Vielleicht hat ja von euch jemand eine gute Idee.

Vielen Dank schonmal !!!


----------



## muh.gp (8. Nov. 2013)

*AW: Verkleidung Hochteich*

Hallo Eddy,

schmeiß doch mal ein Bild vom Teich ins Netz, dann hat man eine Vorstellung.

Grüße,
Holger


----------



## andreas w. (10. Nov. 2013)

*AW: Verkleidung Hochteich*

Hi Eddy,

das mit dem Bild ins Netz kann wirklich hilfreich sein, auch wenn die "Riemchen" mal gezeigt werden. 
Das mit dem drankleben ist ok, ich würde sie in Speis dransetzen und Streckmetall drunter nageln (oder Hasendraht zur Bewehrung). Auf jeden Fall würde ich - wenn´s meine Arbeit wäre, auch die Riemchen nach oben übernehmen, oder von dem Naturstein Abdeckplatten schneiden lassen und die drauf verlegen - natürlich auch in Speis .
 Oder, was preisgünstiger ist, den Naturstein von den Riemchen in polygonal (bruchrauh)  und auch so verlegt. Ist eine Pusselarbeit, sieht aber nachher gut aus. Davon kann man auch in die seitliche Fläche Teile einflicken. Ist dann wie ein Stück Fels in der Mauer :? Kann man machen - muß aber nicht.
Auf jeden Fall die ganze Aktion erst wieder im Frühjahr nach dem Frost . Für heuer ist Feierabend draußen.

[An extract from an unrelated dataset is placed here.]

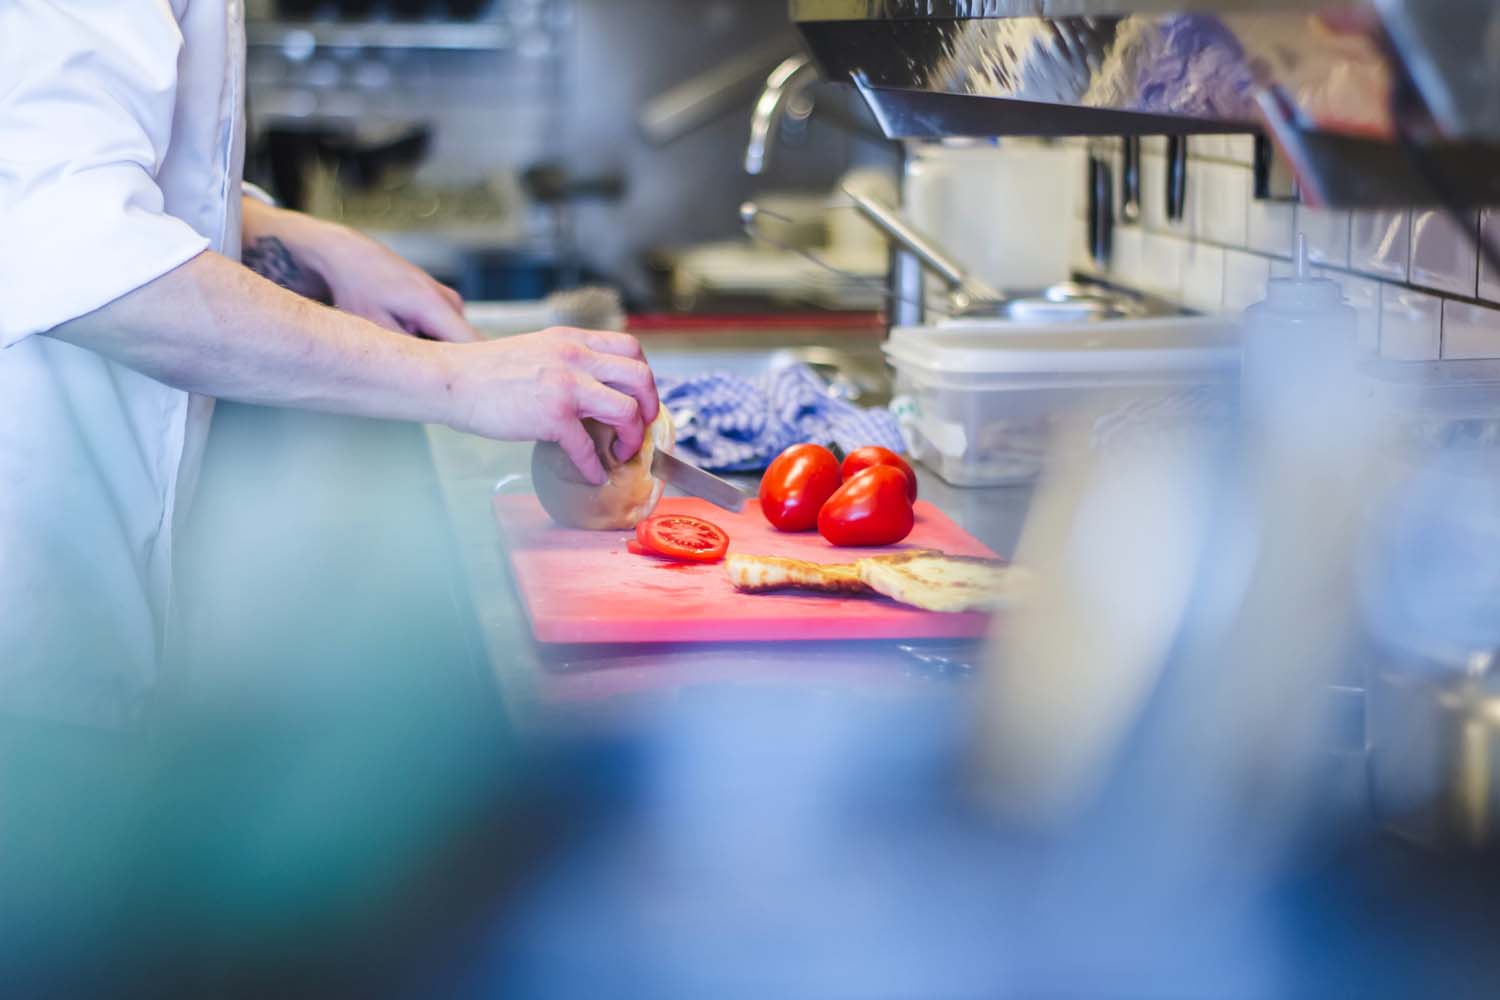 A close up on a pair of hands slicing tomatoes and bread on a cutting board. There is professional kitchen equipment on the background.

Mach das mal, das mit dem Foto, incl. der Riemchen die dran sollen. Vielleicht hat dann noch wer eine zündende Idee .

In diesem Sinne, Andreas


----------



## zAiMoN (11. Nov. 2013)

*AW: Verkleidung Hochteich*

Hallo,

Ich würde für oben drauf Granitplatten verwenden, oder Steine die Wärme speichern ..  

Gruß


----------



## andreas w. (12. Nov. 2013)

*AW: Verkleidung Hochteich*



zAiMoN schrieb:


> Hallo,
> 
> Ich würde für oben drauf Granitplatten verwenden, oder Steine die Wärme speichern ..
> 
> Gruß



Denk dran - Steine die Wärme speichern, dehnen sich aus und können sich so vom Unterbau lösen. Außerdem muss der Unterbau sich auch aufwärmen, sonst "frisst" er die Wärme von oben ratzfatz auf . 
Wie gesagt, Granit/Naturstein aus dem die Riemchen sind. Kann eine raue Oberfläche haben - der Optik der Riemchen angepasst.

Vollgas !! .... im neuen Jahr , Andreas.


----------